In ambito jazz fa parte di numerose formazioni con diversi organici. È stato membro fondatore del Late Train Trio, che proponeva una rilettura contemporanea di songs degli anni ’20 e ’30, con un’attenzione particolare ad autori come Duke Ellington, Louis Armstrong e Fats Waller.
È stato membro del Name Urge Quartet, una formazione diretta dal sassofonista e compositore Giuseppe Santangelo, che proponeva un repertorio interamente dedicato a composizioni originali. Ha realizzato con
diversi collaboratori concerti monografici dedicati alle musiche di Cole Porter, George Gershwin, Thelonious Monk e Wayne Shorter.
Con Augusta Trebeschi e Paolo Cavagnini costituisce un trio che i propone un repertorio di evergreen jazz e pop arrangiato in chiave acustica. Nell’ambito della musica leggera e d’autore ha collaborato in diverse formazioni: in duo, con il chitarrista Paolo Cavagnini, si dedica alla rilettura di canzoni del cantautorato italiano. Ha fatto parte di gruppi dedicati alle canzoni di Fabrizio De André e di Francesco Guccini.
Dal 2006 collabora con Barbara Mino come pianista in progetti di promozione culturale e invito alla lettura, con improvvisazioni, musiche appositamente composte e rielaborazioni di colonne sonore.
Molto attivo anche nel teatro musicale, dal 2008 collabora con l’attore Antonello Cassinotti nello spettacolo “Pinocchio REadyMADE” una rilettura in chiave radiofonica del celebre testo di Collodi, abbinata a musiche interamente improvvisate al pianoforte solo.
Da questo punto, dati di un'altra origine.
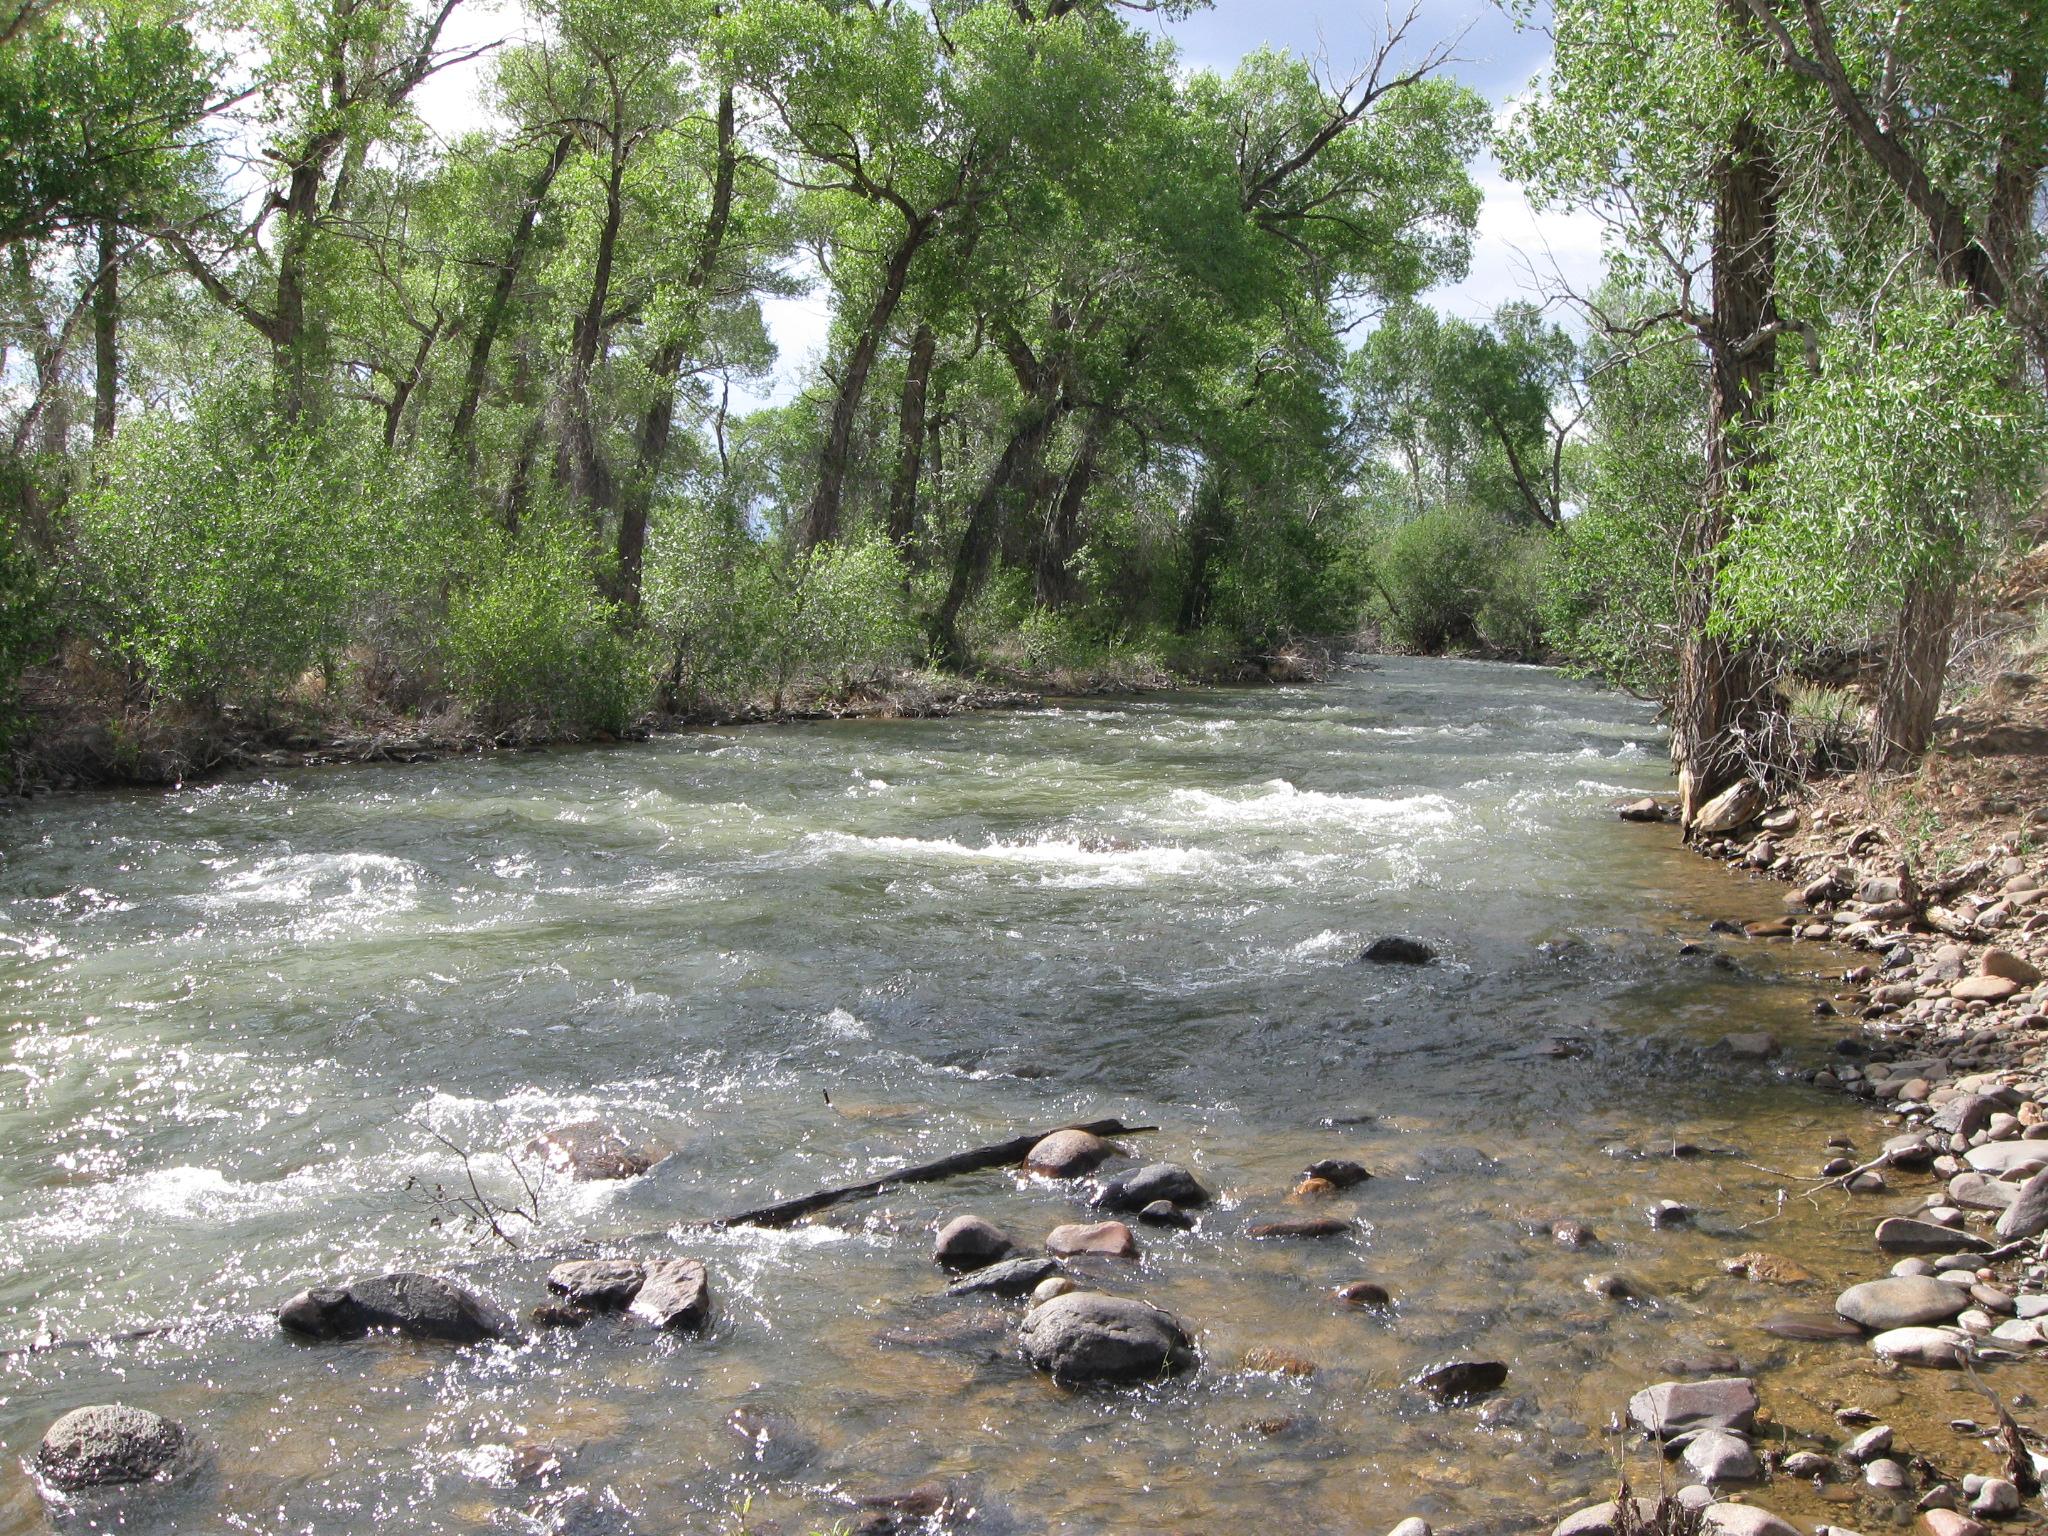 Alamosa River Estates Vacant Lots Trout Fishing

Nel 2015 inizia la collaborazione con Giuseppe Goisis realizzando le musiche per “Eroi”, un racconto fatto di testi e musica. Sempre con Giuseppe Goisis ha realizzato le musiche per “QSiN”, adattamento teatrale di un testo di Tommy Wieringa.
Nel 2020 ha scritto e interpretato le musiche per l’adattamento di “Oscar e la dama in rosa” per la compagnia Teatrale Forest con la regia di Andrea Frati. Ha inoltre scritto, curato e partecipato alla realizzazione di musiche per diversi altri spettacoli teatrali, tra cui “Oh, che bella guerra!…” di Costanzo Gatta e “Le avventure dell’ingegnoso ed errante cavaliere Don Chisciotte della Mancia” di Angelo Facchetti per il Centro Teatrale Bresciano, “Alla ricerca di Ulisse” di Angelo Facchetti – una produzione congiunta CTB e Teatro Telaio; “Abbracci” e “Nido” di Angelo Facchetti per il Teatro Telaio; “Attorno al concetto di colore” per SlowMachine con Elena Strada e la supervisione di Rajeev Badhan; “Rivista… e corretta!” di Luciano Bertoli; “La guerra di Mario” di Stefano Corsini.
Da diversi anni affianca all’attività concertistica anche un’intensa attività didattica.